Exercise goal >>
Working through the data below, reproduce word for word the line with "Pair of Sculptural" and every line after it, both ends included, and omit the pictures.

Dataset content >>
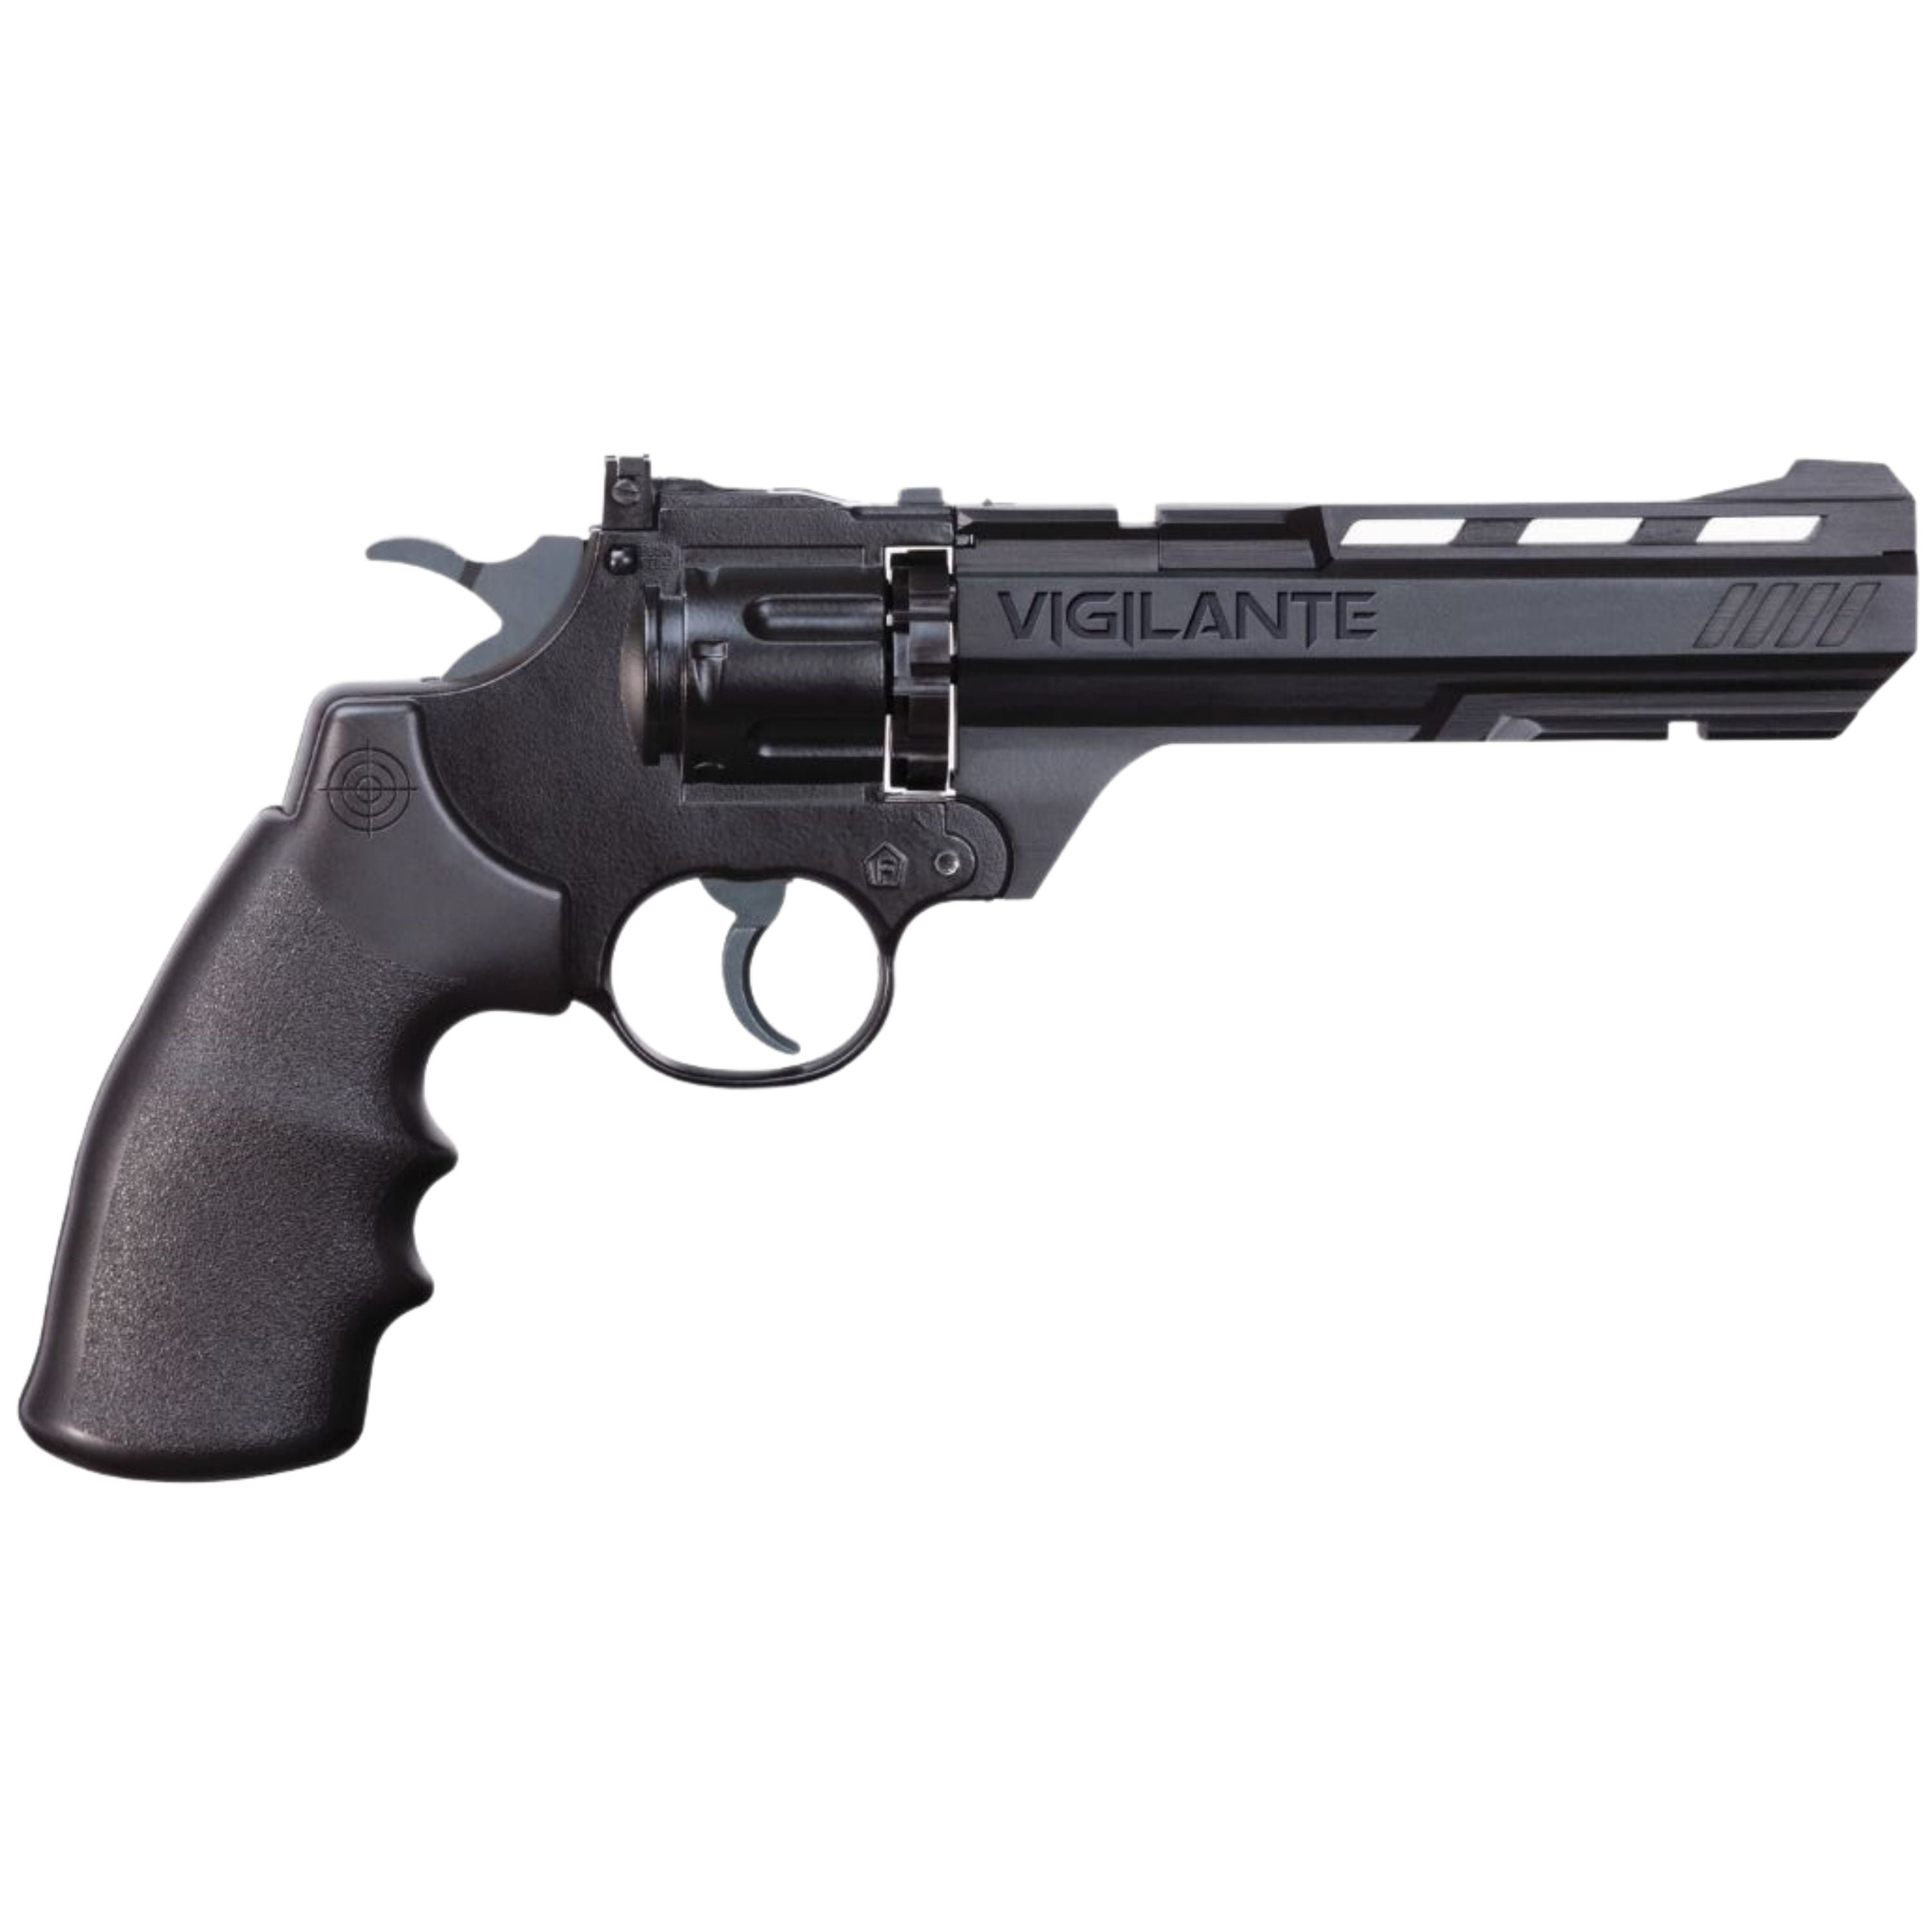 Revolver à plombs “Vigilante”||“Vigilante“ air revolver
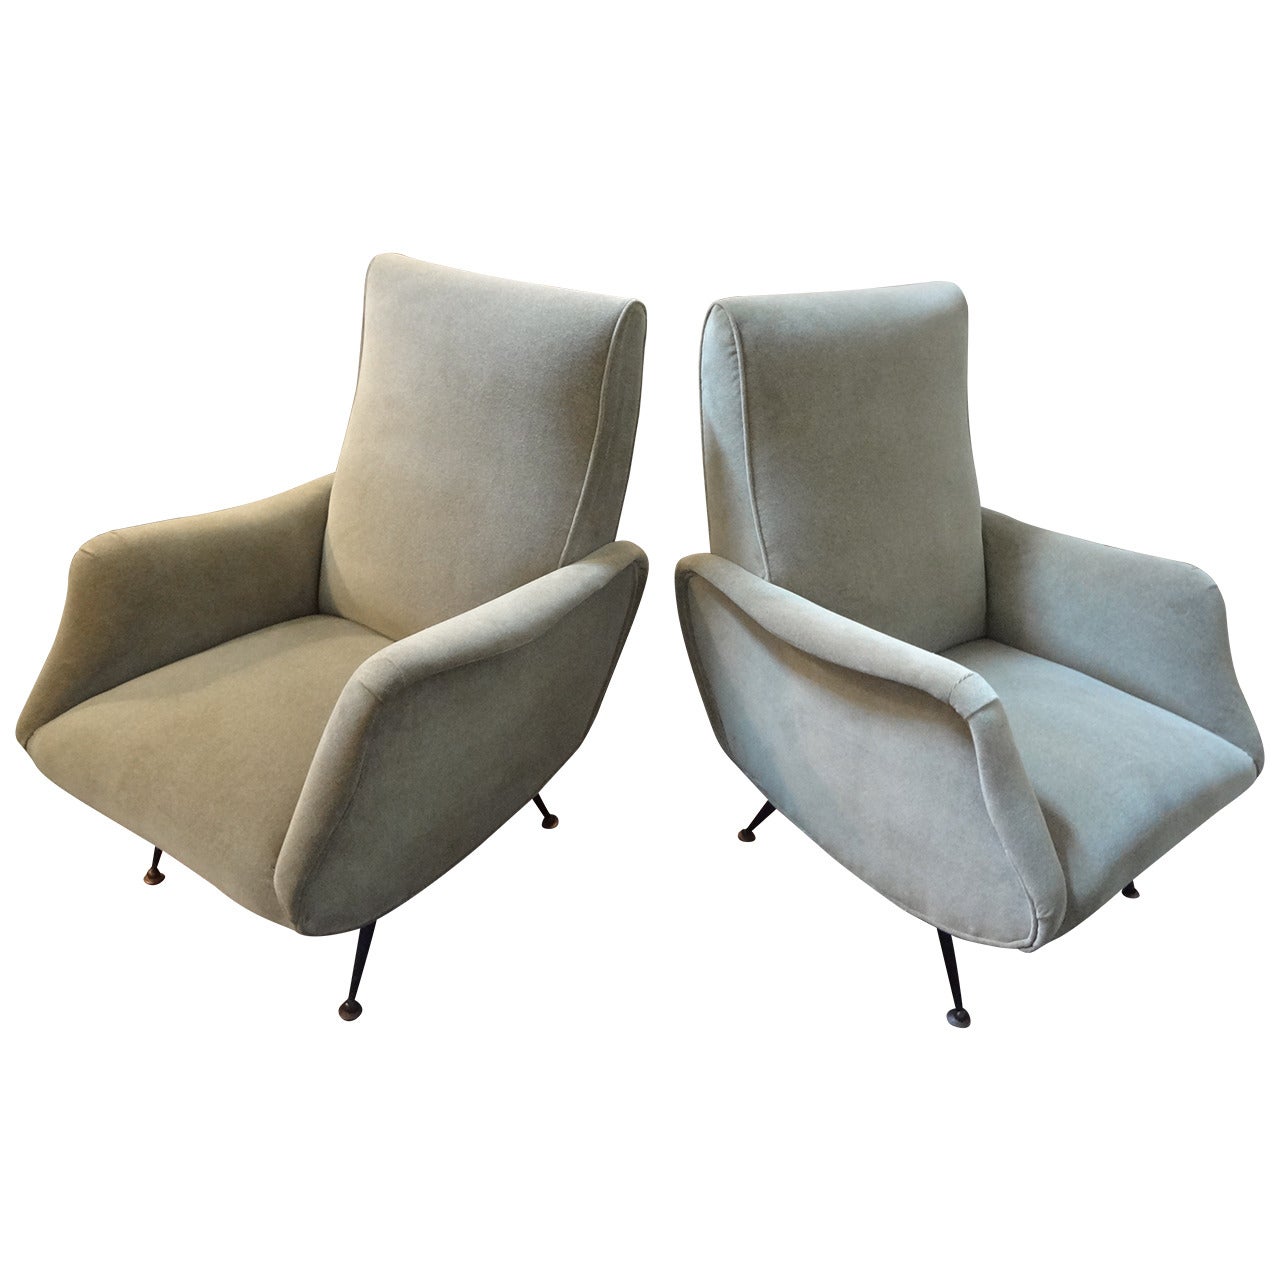 Pair of Sculptural Lounge Chairs, Milan, 1950
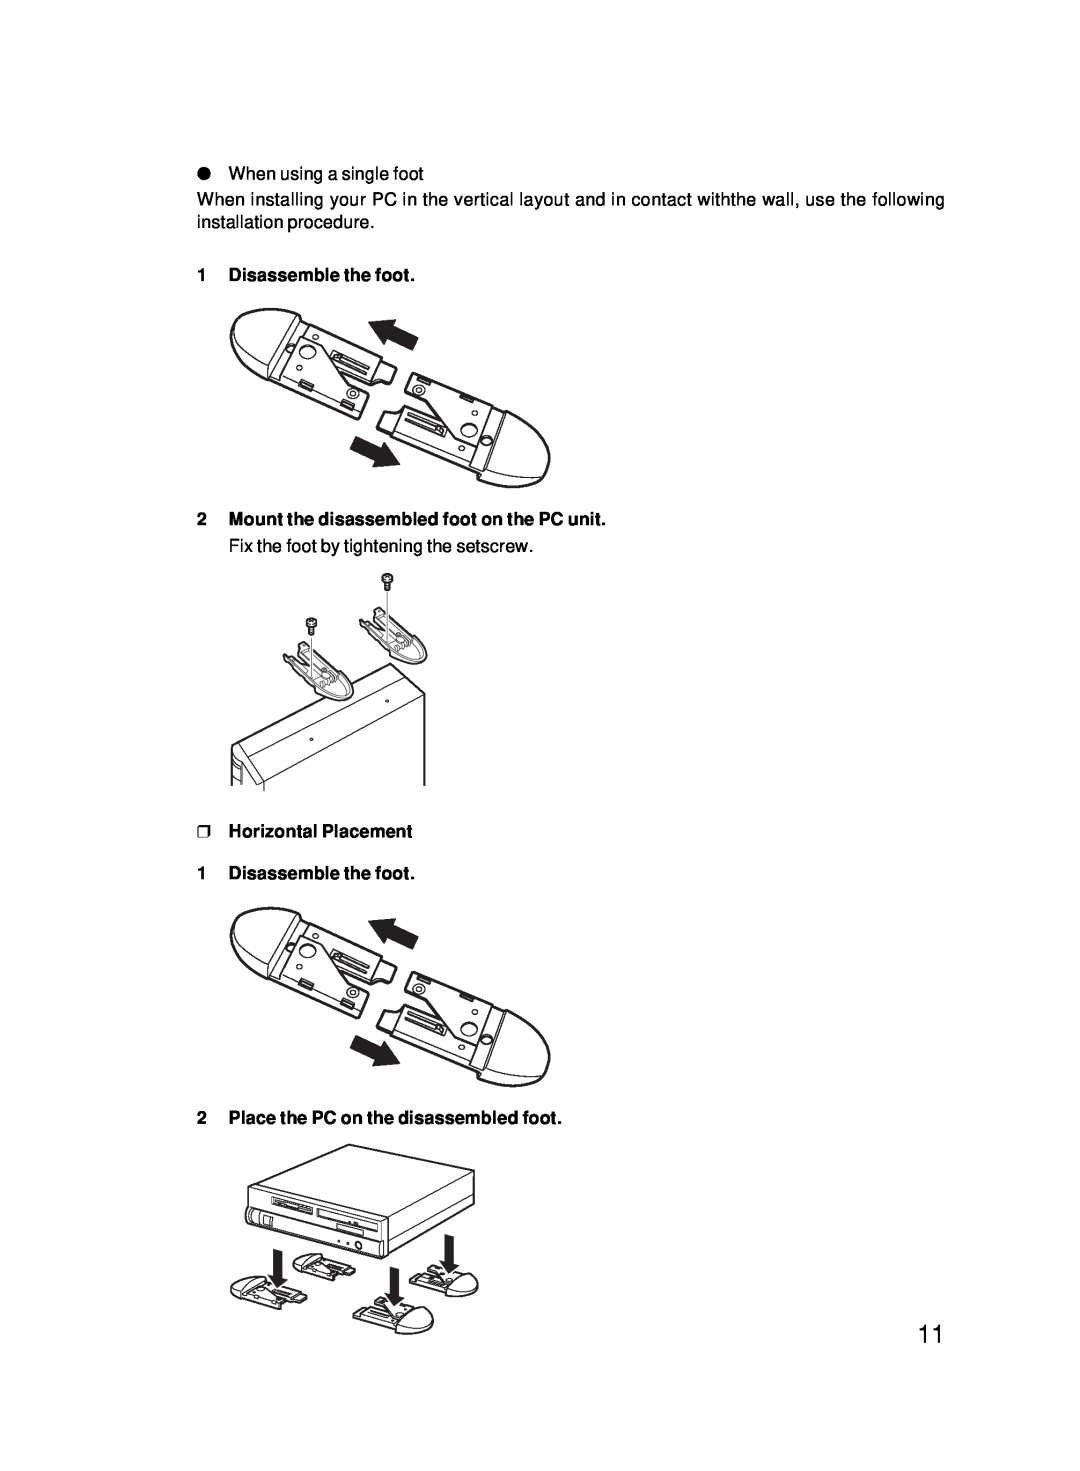 Fujitsu 5000 user manual When using a single foot, Horizontal Placement 1 Disassemble the foot

Answer section >>
 Pair of Sculptural Lounge Chairs, Milan, 1950
 Fujitsu 5000 user manual When using a single foot, Horizontal Placement 1 Disassemble the foot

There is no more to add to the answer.